We have sent the Department for Transport a list of 30 questions and this is meant to be an open society and we haven't had one of those questions answered.

I think in fairness, the public should have those questions answered, we should have those questions answered, it should be an open process.

– Sir Richard Branson talking to BBC Breakfast

Labour urges delay over rail deal

Labour is urging the Government to delay signing a new West Coast Mainline contract so MPs have a chance to fully scrutinise the deal.

Maria Eagle, the shadow transport secretary, said the decision to take the franchise from Virgin Trains and award it to FirstGroup should be put on hold until Parliament returns next week.

The politician said there were concerns over how the move would affect fares and levels of service.

Sir Richard Branson offers to run rail line for free

Sir Richard Branson has offered to run the West Coast Main Line for free to allow Parliament time to debate the decision to award the franchise to rail giant FirstGroup. The entrepreneur made a last-ditch appeal to the Government to delay signing the 13-year contract on Tuesday.

Sir Richard said Virgin Trains and Stagecoach would operate the line on a not-for-profit basis or donate profits to charity if the franchise needed to be extended beyond December for a few months to allow Parliament to investigate the decision.

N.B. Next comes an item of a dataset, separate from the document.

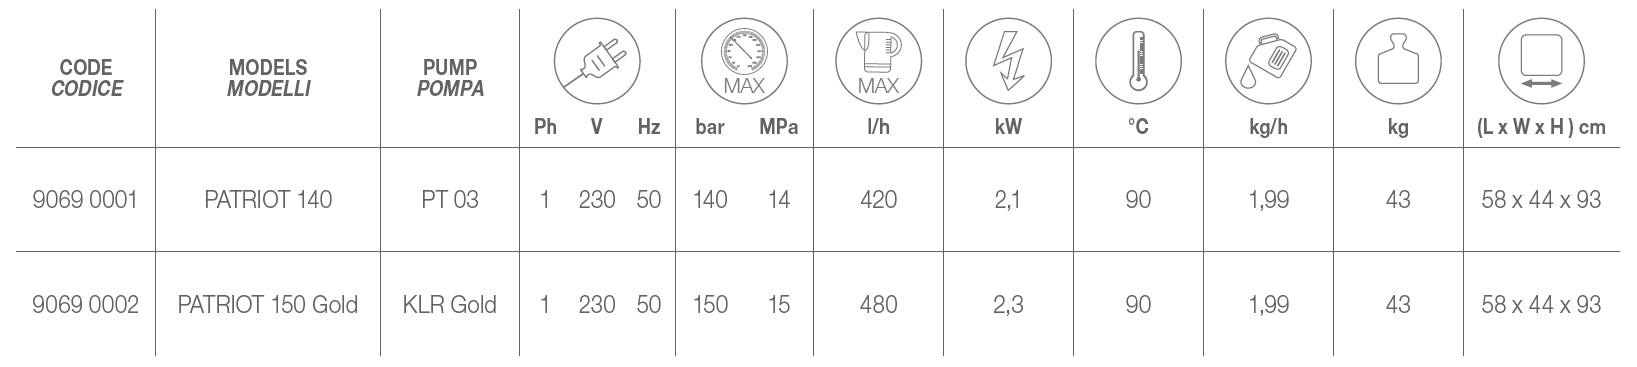 PATRIOT Technical Data
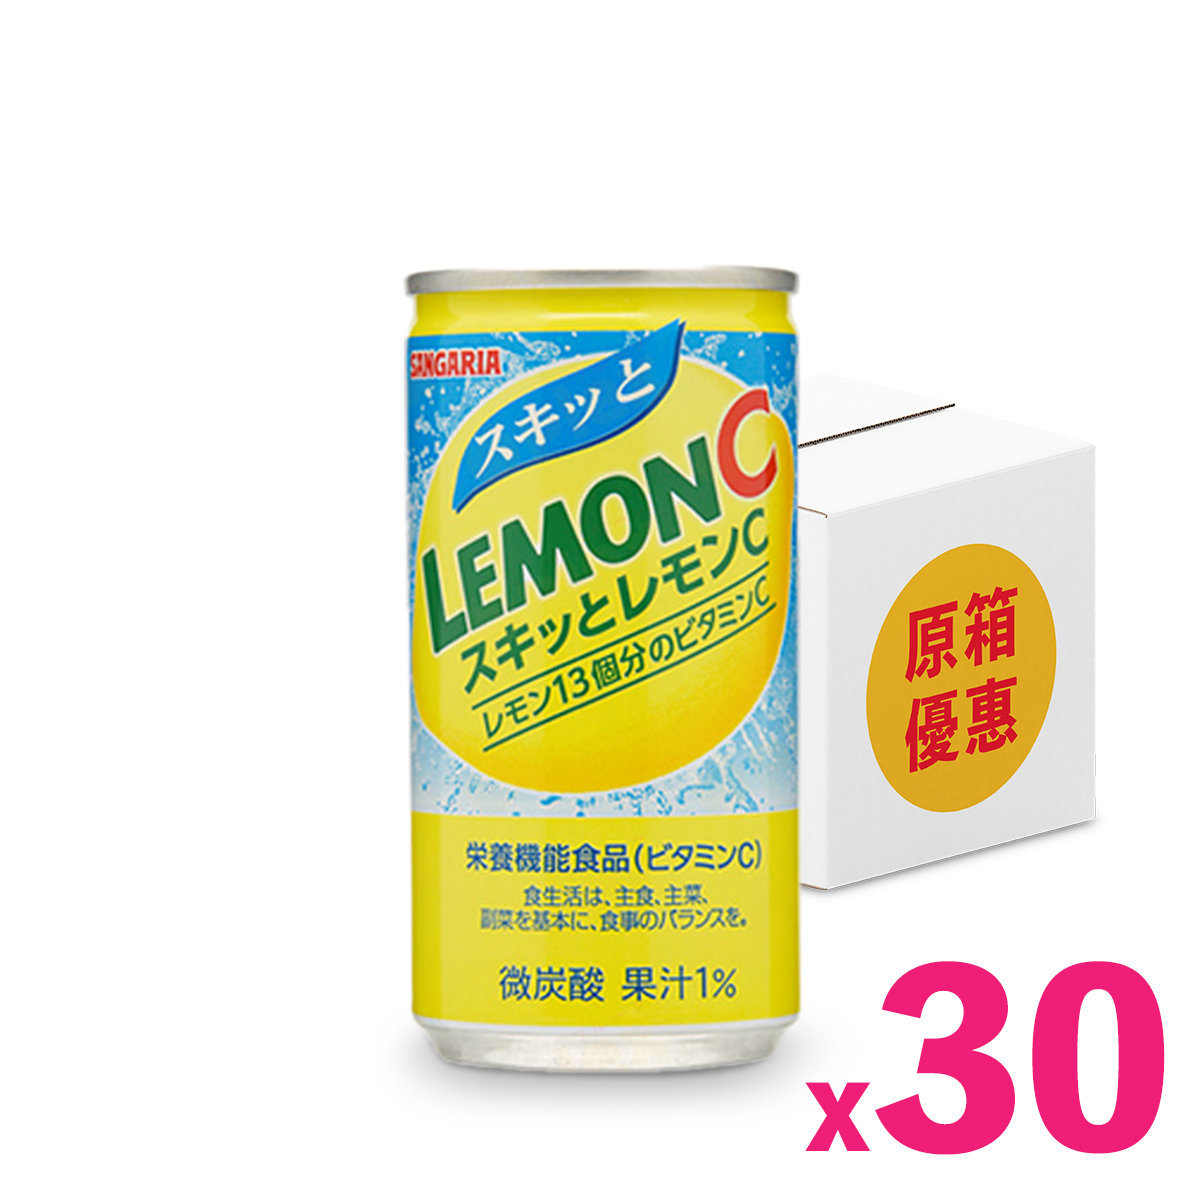 Japan Vitamin C Tonic Lemon Water (190ml) x 30

Sir Richard Branson at the window of an 11 carriage Pendolino train at Euston railway station. Credit: Geoff Caddick/PA Archive

In an opinion piece for the Sunday Telegraph, Sir Richard said: "It is far better for MPs to have the chance to debate the issues, and question ministers on the detail before the decision is finalised.

"To assist in this process, there should be an independent audit of the DfT decision to ensure it has been based on correct criteria and reliable forecasting of customer numbers, revenue and payments to Government.

"We must ensure that this crucial decision is taken with all the facts correctly assessed and understood."